# Necron sketches



## frogdude (Dec 2, 2011)

As promised in my intro thread, here's the Necron pics i did for my neighbours son.


----------



## khrone forever (Dec 13, 2010)

this stuff is friken awsome  +rep


----------



## Doelago (Nov 29, 2009)

Yea, they are good, but why in the name of earth is there a link which is impossible to read in the middle of picture ruining it?


----------



## darkreever (Apr 3, 2008)

Doelago said:


> Yea, they are good, but why in the name of earth is there a link which is impossible to read in the middle of picture ruining it?


In case someone comes along and tries to claim the work for their own. Hard to read, maybe, but that link running through the picture is a form of proof of ownership.

Look at it hard enough and you can read it, otherwise you may very well miss it (as I did before it was pointed out.)


----------



## frogdude (Dec 2, 2011)

Correct sir - not a link, but a "watermark". Not that i think anyone here would be interested in image theft, but it's kind of automatic now (after previous bad experience) that anything i post on the web has a watermark. Running it through the middle like that makes it harder to remove.

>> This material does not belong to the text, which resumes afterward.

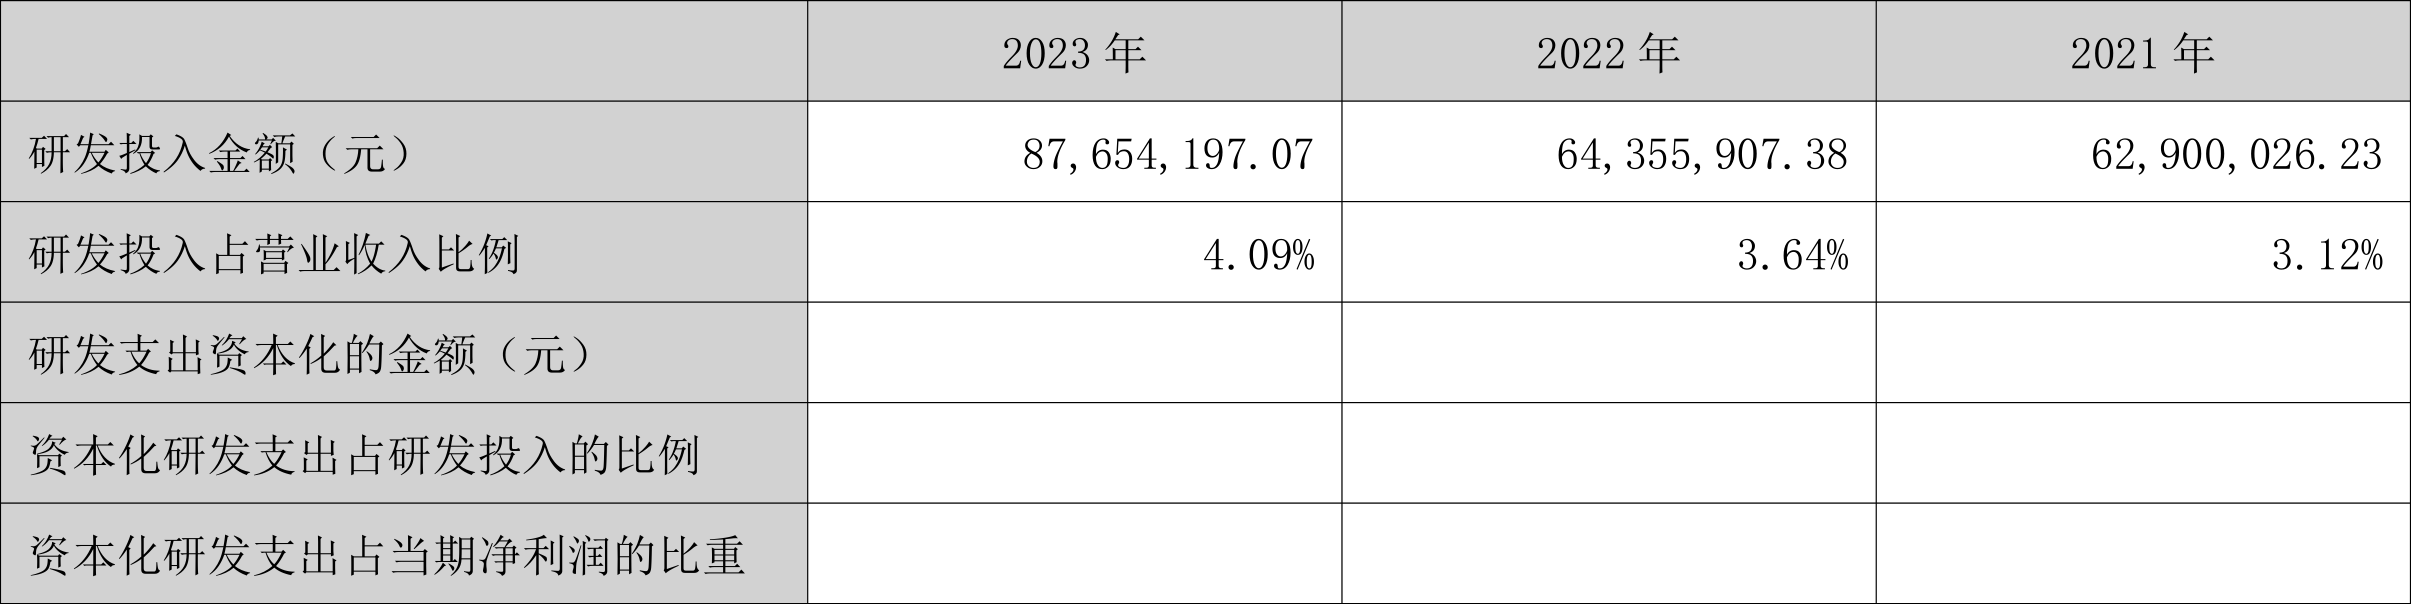 涛涛车业：2023年净利润同比增长36.09% 拟10派15元

Thanks for the rep Khrone!


----------



## khrone forever (Dec 13, 2010)

its ok, glad to be of service


----------



## Midge913 (Oct 21, 2010)

Very nice looking work man!


----------



## Serpion5 (Mar 19, 2010)

Not bad at all.


----------



## DarkCloud (Jan 2, 2012)

dude that is crazy awesome good! i wish i had some skill like that


----------